Thor is a precursor of Denmarks hitherto largest space mission, ASIM. Andreas' brief consistented of photographing giant lightning strikes from space, in the hope of capturing the illusive flashes that travel upwards from the most violent thunderstorms to the edge of space itself. It sounds easy enough, but getting an astronaut to take pictures requires sending lists of target storms three days in advance of the photography session. Initially, Torsten Neubert the scientific leader of the Thor project at DTU Space, saw Andreas' work simply as a way of checking the procedures, filters, exposure times and prediction system needed to ensure good pictures of likely storms. However, Andreas was so captivated by the project that he took the camera with him on breaks and continued filming on his free time.

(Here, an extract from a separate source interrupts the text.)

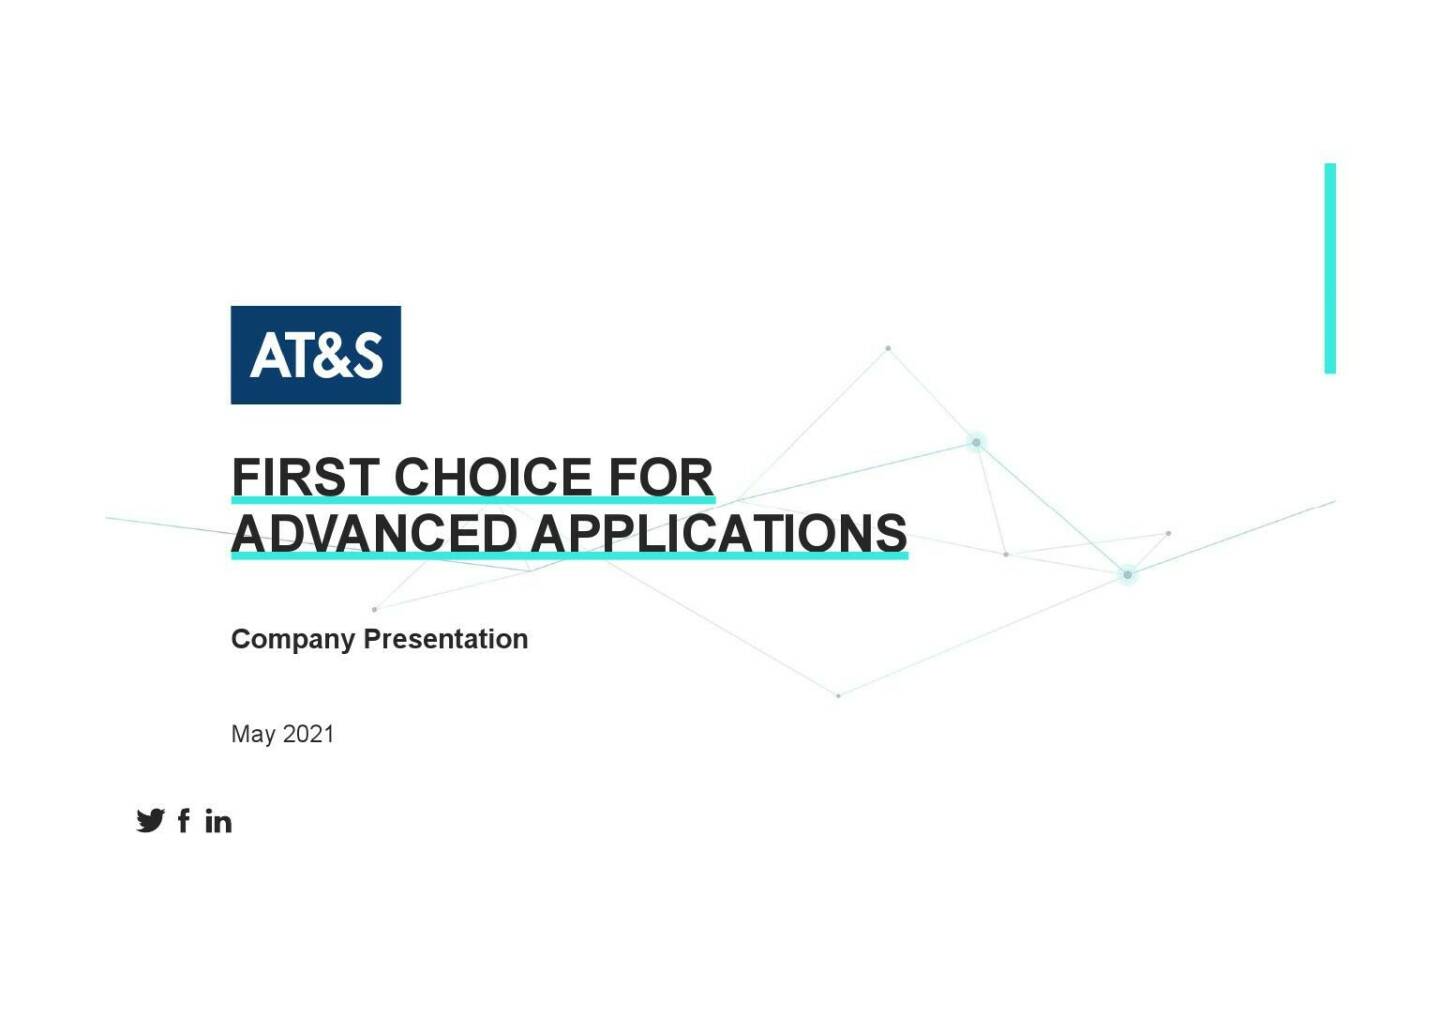 AT&S - First choice for advanced applications

There was much jubilation amongst  DTU Space researchers when stills from Andreas' spare-time video were sent to the institute, because the industrious astronaut has managed to capture two beautiful examples of the giant lightning the group was hoping to see: a collection of red sprites, looking like a bunch of carrots, and a blue jet. These results far exceeded the group's expectations, and must be entirely credited to Andreas Mogensens patience and enthusiasm.

Future ISS astronauts will continue the Thor project, notably frenchman Thomas Pesquet who starts a long-duration mission to ISS in 2016. But Thor is just the beginning of DTU Space's lightning research from the ISS. In February 2017 the Danish lightning camera ASIM will be fixed to the underside of ISS to start 2 years of continuous monitoring of thunderstorms in both optical light and x-rays. The camera builds on DTU Space's experience constructing x-ray cameras for astronomical purposes. ASIM is an off-shoot of the JEM-X space telescope on ESAs INTEGRAL satellite.

The giant lightning flashes being studied by the Thor and ASIM projects were unknown only 20 years ago, but hold the key to understanding the Earth's complex electrical circuitry that drives the storms and currents that churn up the atmosphere. As such they are very important for understanding and modelling the Earth's weather and climate. The Thor and ASIM projects are just two projects in DTU Space's extensive and varied research into the processes that drive the Earth's weather systems and mechanisms that are affected by climate change.